Iran : l’Occident fait monter la pression par la propagande sur le programme nucléaire, par Tony Iltis

source : Green Left Weekly, 27 Novembre 2011

traduit de l’anglais par Marc Harpon pour Changement de Société

Un rapport de l’Agence Internationale de l’Énergie Atomique (AIEA), l’autorité de régulation nucléaire des Nations Unies, est utilisé par les États-Unis et d’autres puissances occidentales comme un prétexte pour une nouvelle série de sanctions économiques contre l’Iran et la mise en branle d’un rhétorique belliciste.

« La phraséologie est lourde, mais le message est clair » a déclaré le correspondant de la BBC pour les questions diplomatiques et militaires, Jonathan Marcus,le 8 novembre. « L’Iran, d’après l’AIEA, pourrait bien avoir mené des recherches afin de construire une bombe nucléaire pour armer un de ses missiles de longue portée »

Mais la phraséologie n’est pas seulement lourde et vague. Comme de précédents rapports de l’AIEA, elle n’apporte aucune nouvelle preuve d’une quelconque tentative effective de fabriquer une bombe nucléaire en Iran.

Les preuves du programme d’armement nucléaire de l’Iran restent limitées aux indices qu’il est possible que le pays ait des pour utiliser son programme nucléaire civil pour des objectifs militaires en cas de besoin futur.

Comme lors de la publication des précédents rapports de l’AIEA, tout l’uranium enrichi produit par le programme nucléaire iranien a été comptabilisé et utilisé.

Ce qu’il y a de nouveau dans ce rapport, c’est qu’il reflète des changements dans la direction de l’AIEA.

Un document politique

Le journaliste d’investigation et Prix Pultizer Seymlour Hersh a affirmé à Democracynow.org le 21 novembre : « Ce n’est pas un rapport scientifique, c’est un document politique. »

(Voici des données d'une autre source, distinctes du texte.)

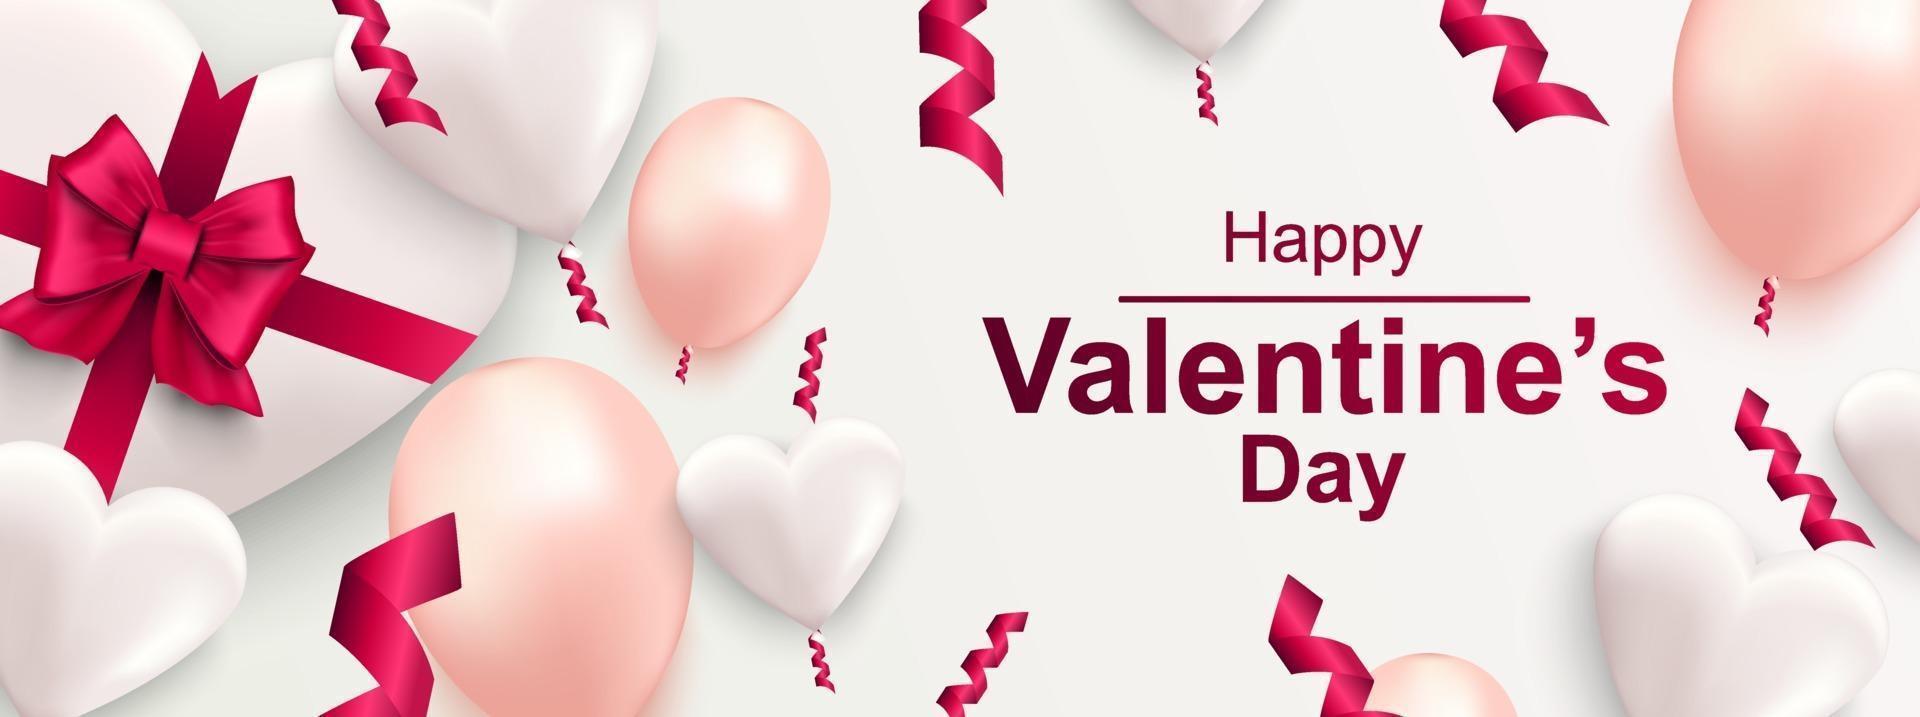 banner web orizzontale felice giorno di san valentino. confezione regalo realistica con fiocco, cuore vettore

« Il reprend beaucoup des allégations qui ont été faites et qui ont été examinées par l’AIEA sous […] Mohammed El Baradei, […] qui était très méfiant vis-à-vis de l’Iran au début mais l’a moins été après. »

Un câble secret de la mission diplomatique des États-Unis auprès de l’ONU à Vienne et daté du 16 octobre 2011 révèle la satisfaction des États-Unis après le remplacement d’El Baradei.

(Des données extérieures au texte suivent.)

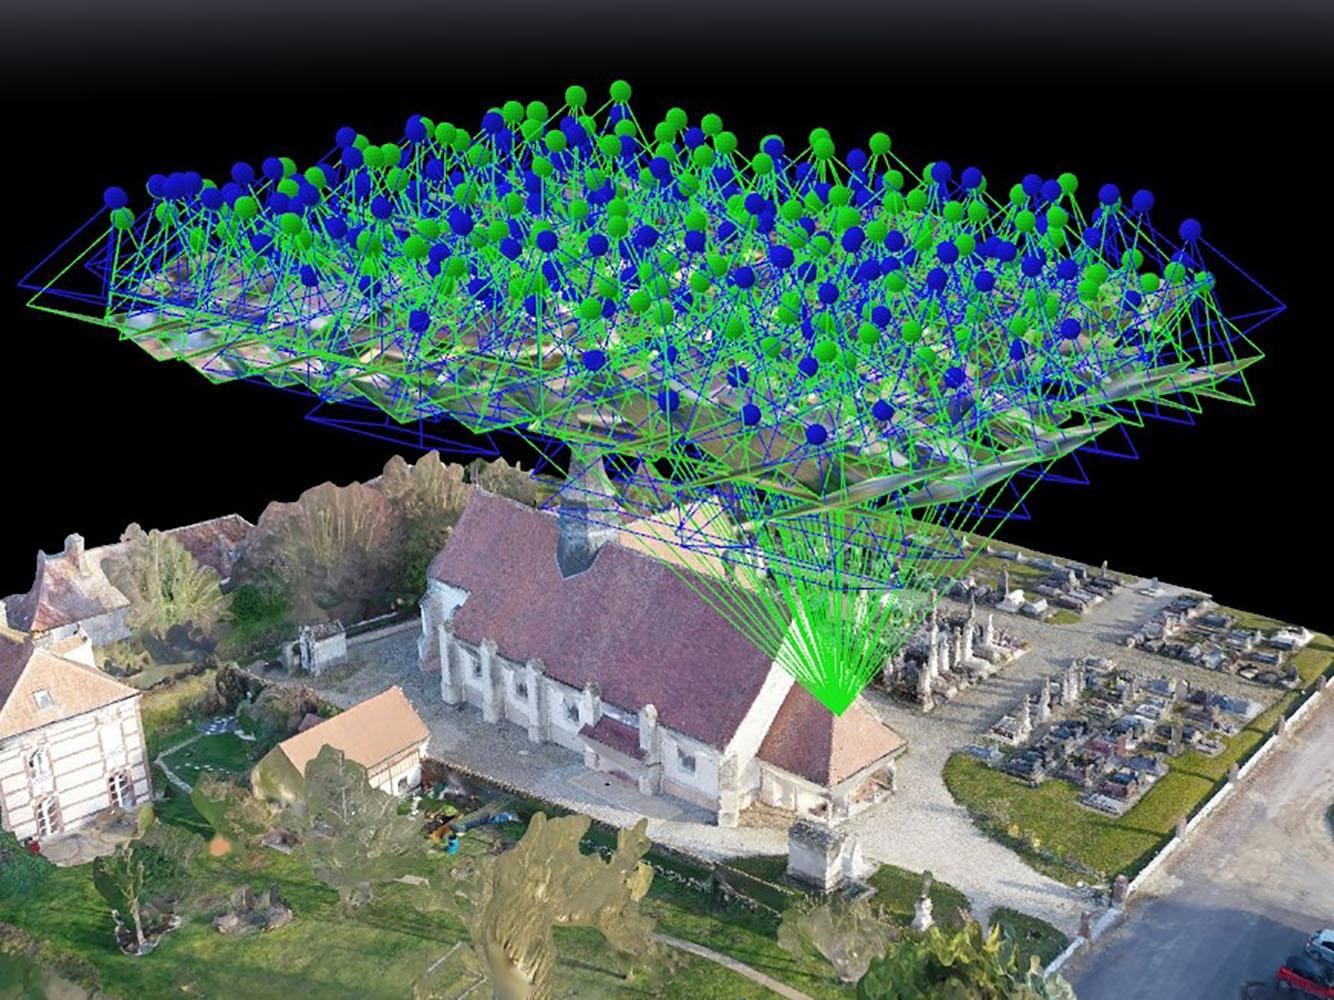 Photogrammétrie complète avec pilotage de drones / Formation n°6

Le câble affirmait : « Le Directeur Général de l’AIEA finalement désigné, Yukiya Amano, a remercié les États-Unis de leur appui à sa candidature et s’est efforcé de souligner son soutien aux objectifs stratégiques des États-Unis dans le cadre de l’Agence. »

« Amano a rappelé à l’Ambassadeur qu’il devrait fréquemment faire des concession au G-77 [le bloc des pays du Tiers-Monde] […] mais qu’il était fermement du côté des États-Unis sur toutes les décisions stratégiques clés, de la nomination du haut personnel à la gestion du programme nucléaire militaire supposé de l’Iran. »

Hersh a dit à Democracynow.org qu’après ses articles critiquant le n’importe-quoi autour de la menace nucléaire iranienne, des gens de l’AIEA l’ont contacté pour dire qu’ils participaient ses inquiétudes concernant la politisation de l’organisation.

« Je reçois des courriers électroniques […] de membres de l’Agence me disant « Bon boulot ! », a-t-il affirmé. « Je parle de l’intérieur de l’AIEA. C’est une organisation qui ne s’occupe pas de la presse, mais, en interne, ils sont mécontents de la direction dans laquelle Amano les mène. »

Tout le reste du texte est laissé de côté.